French Human Rights Prize Awarded for Commemoration of Le Chevalier de Saint-Georges and Abolition of Slavery, May 10-11, 2007

[TOP: Reenactment of the fencing bout which took place at Carlton House, London, on April 9, 1787 between La Chevalière d’Eon (Brigitte Tillier) on the left and Le Chevalier de Saint-Georges (Joseph Blanc) on the right. BOTTOM: Cast of Le Chevalier de Saint-Georges – La Table de Marbre]

AfriClassical recently learned from Daniel Marciano and Jean-Claude Halley that Madame Catherine Pizon, Principal of the Collège Victor Hugo (Victor Hugo Junior High School), had traveled to Paris with four students on Dec. 19, 2007 to receive the National René Cassin Human Rights Prize of 2007 from Monsieur Xavier Dancos, National Education Minister of France. It was awarded for Le Chevalier de Saint-Georges – La Table de Marbre, a 2-day commemoration of the life and music of Le Chevalier de Saint-Georges, and the Abolition of Slavery, on May 10 and 11, 2007.
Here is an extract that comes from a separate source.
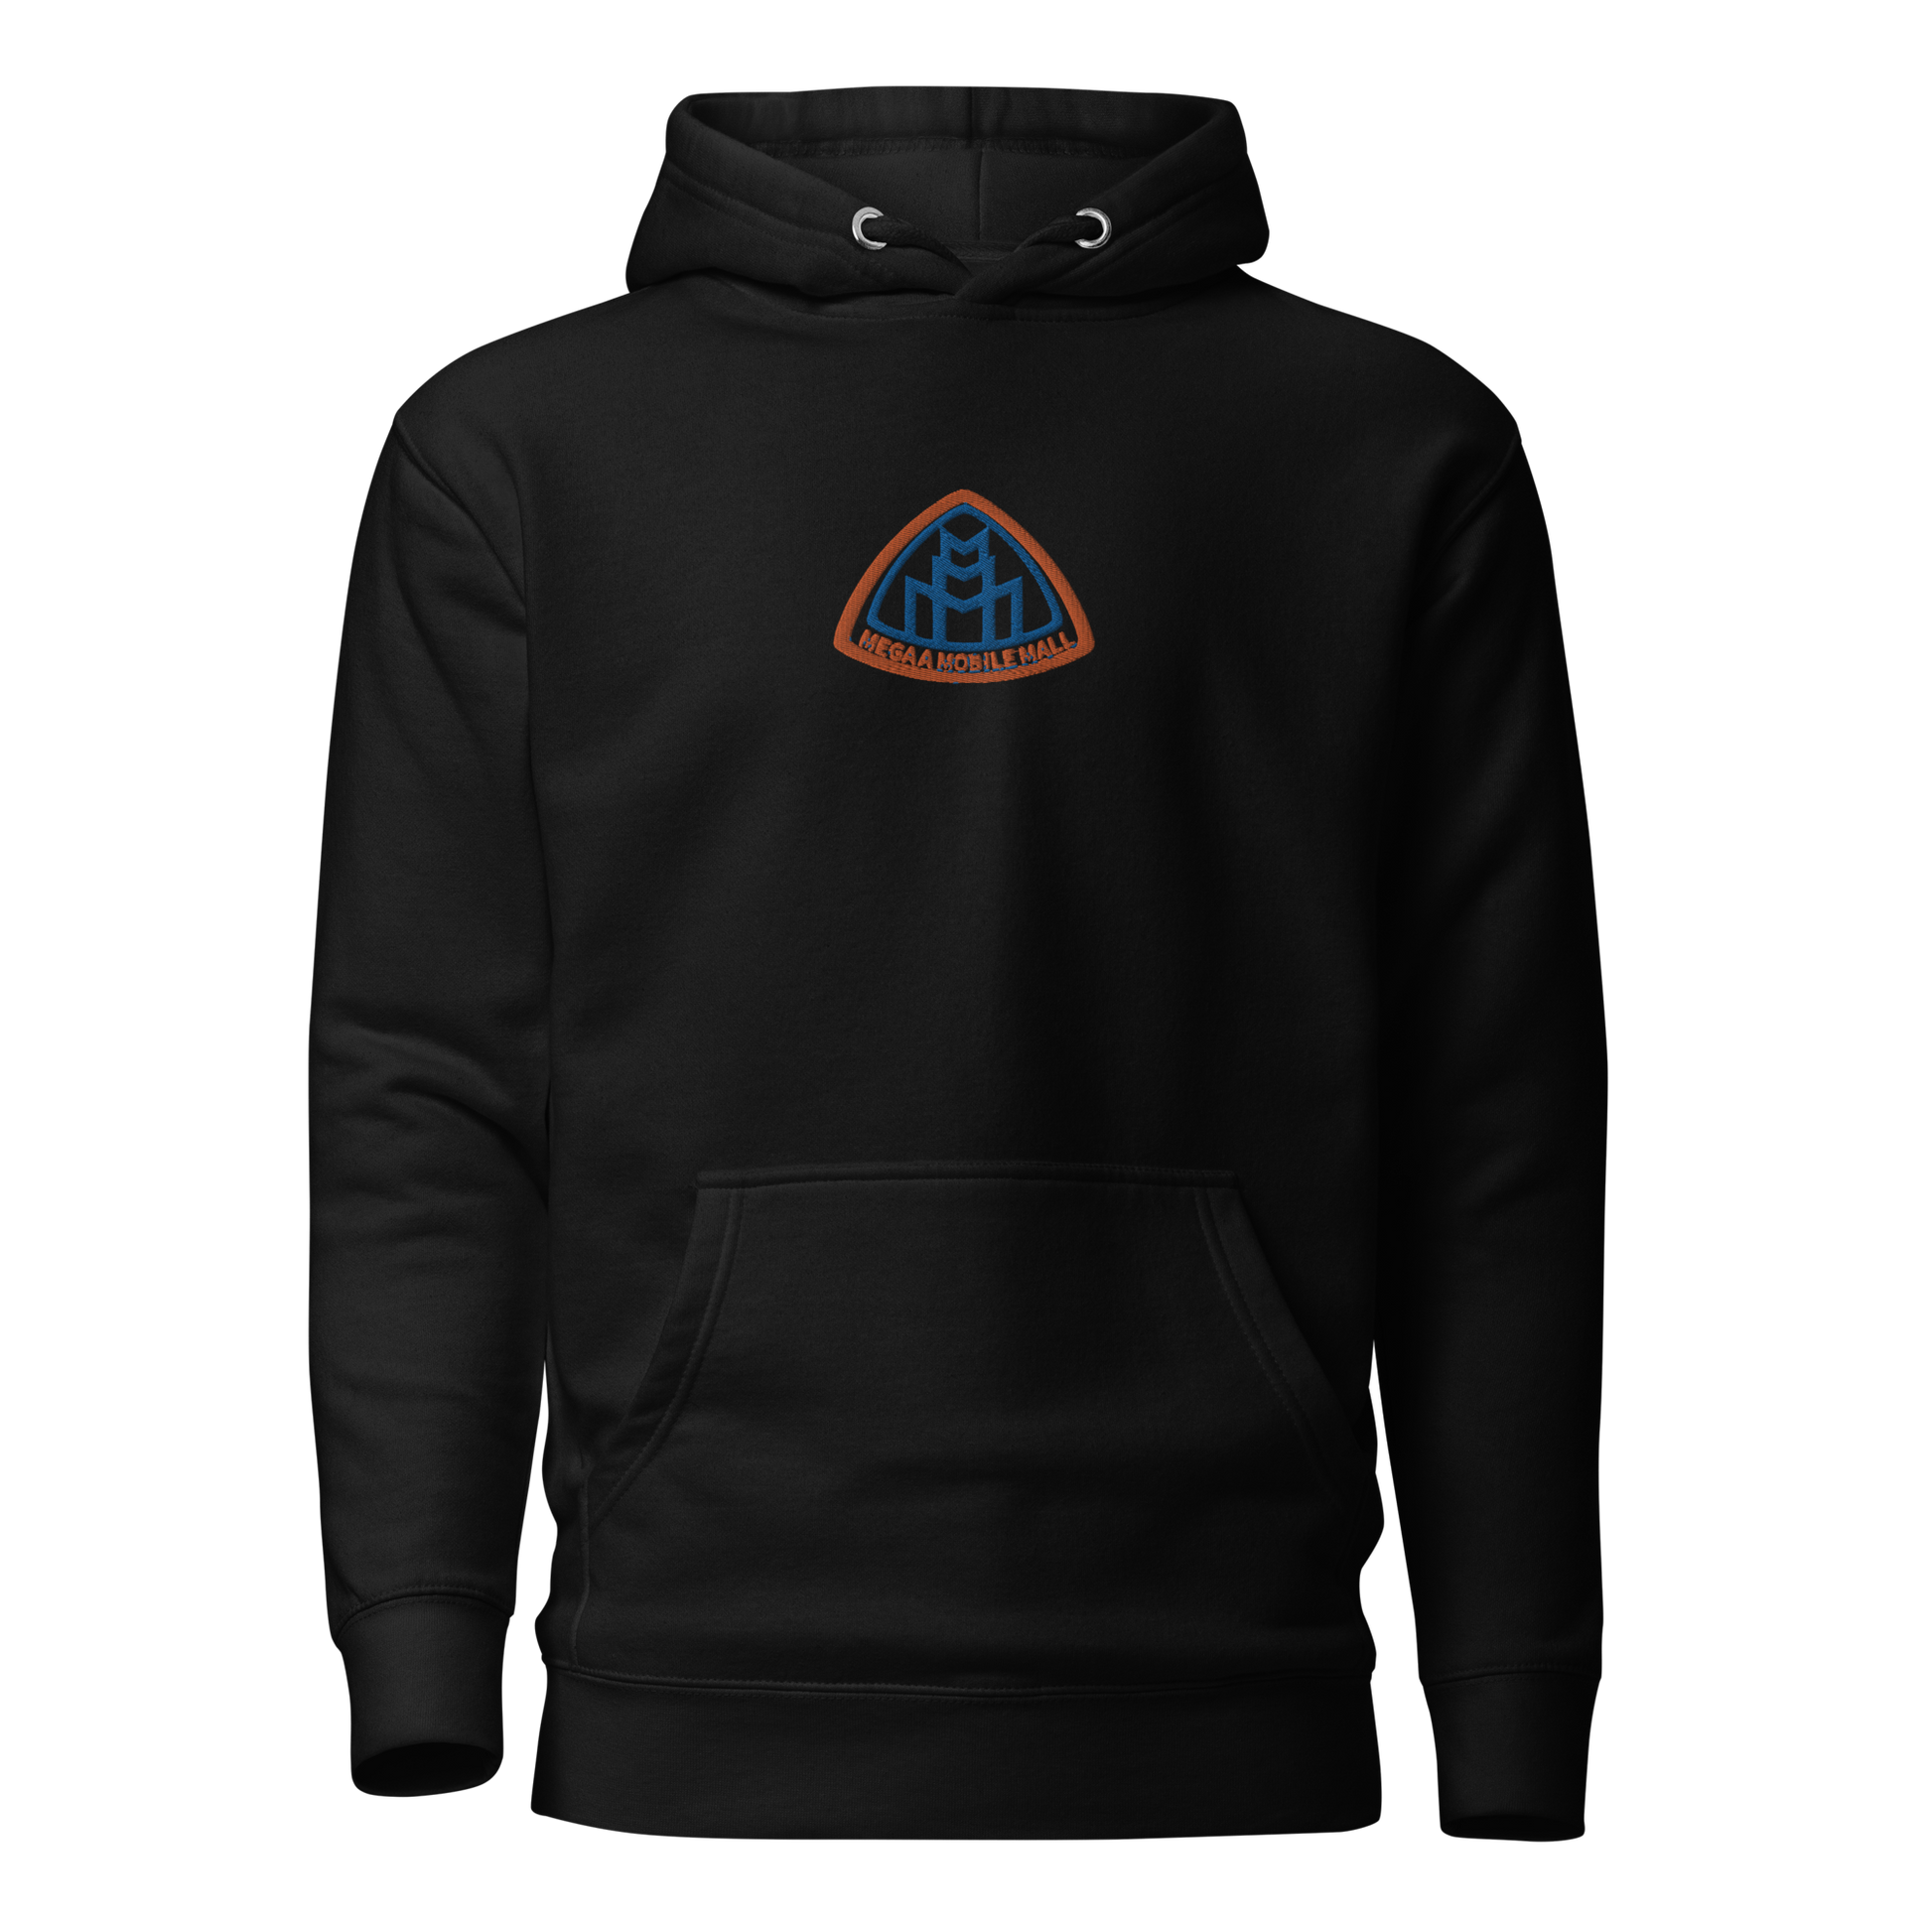 new york colorway megaamobilemall logo stitched black hoodie
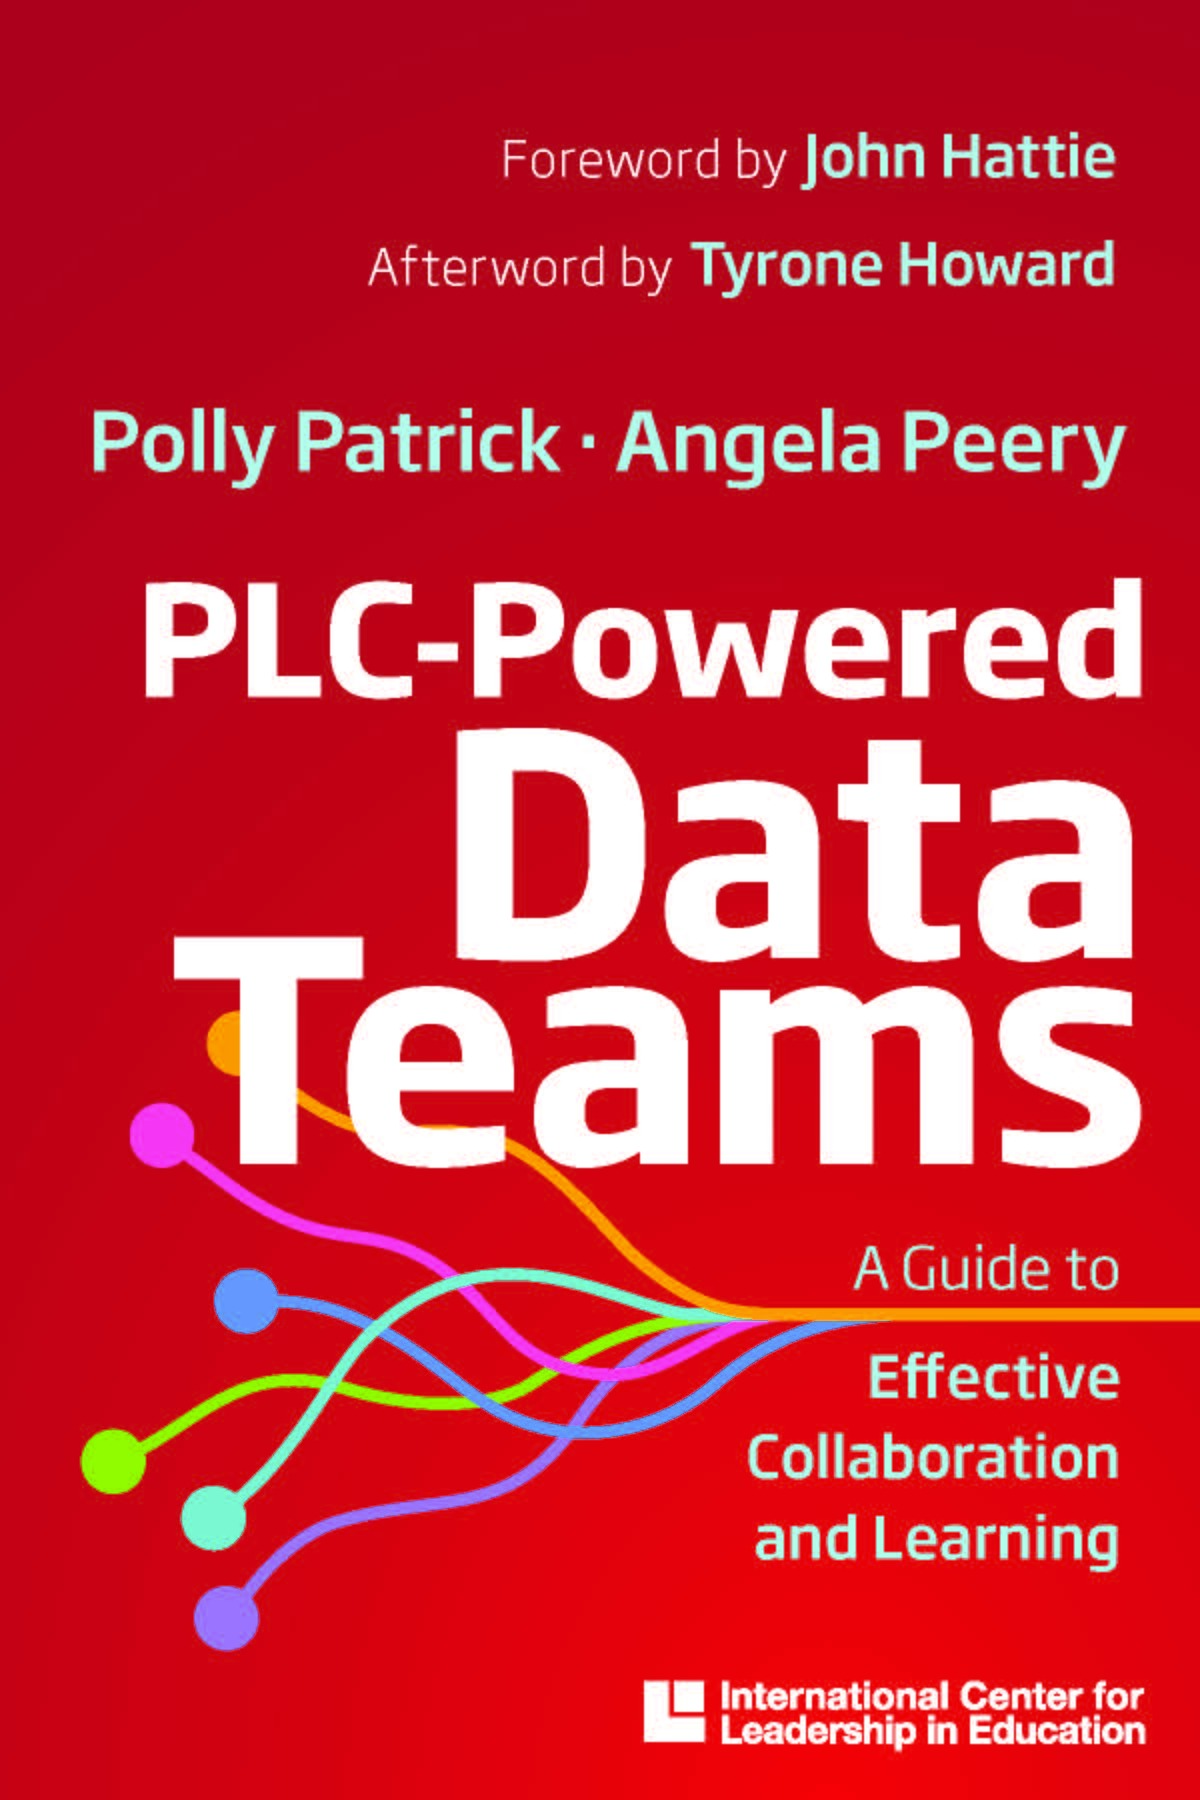 PLC-Powered Data Teams A Guide to Effective Collaboration and Learning-9780358568391

On August 2, 2007 AfriClassical published an E-mail from Madame Catherine Pizon in which she explained, in part:

As the Principal of a junior high school near Vichy, France, I staged a theatre show on the life and music of Saint-Georges this year with the collaboration of several primary and secondary schools, music schools and a fencing school. This show was exclusively interpreted by 14 year old students. The program included a theatre performance, music, singing, dancing and fencing.”

A DVD of the performance is scheduled for release March 6, 2008. It will be accompanied by a 100-page booklet including the play, educational material and photographs. Jean-Claude Halley's blog is Guadeloupe Attitude.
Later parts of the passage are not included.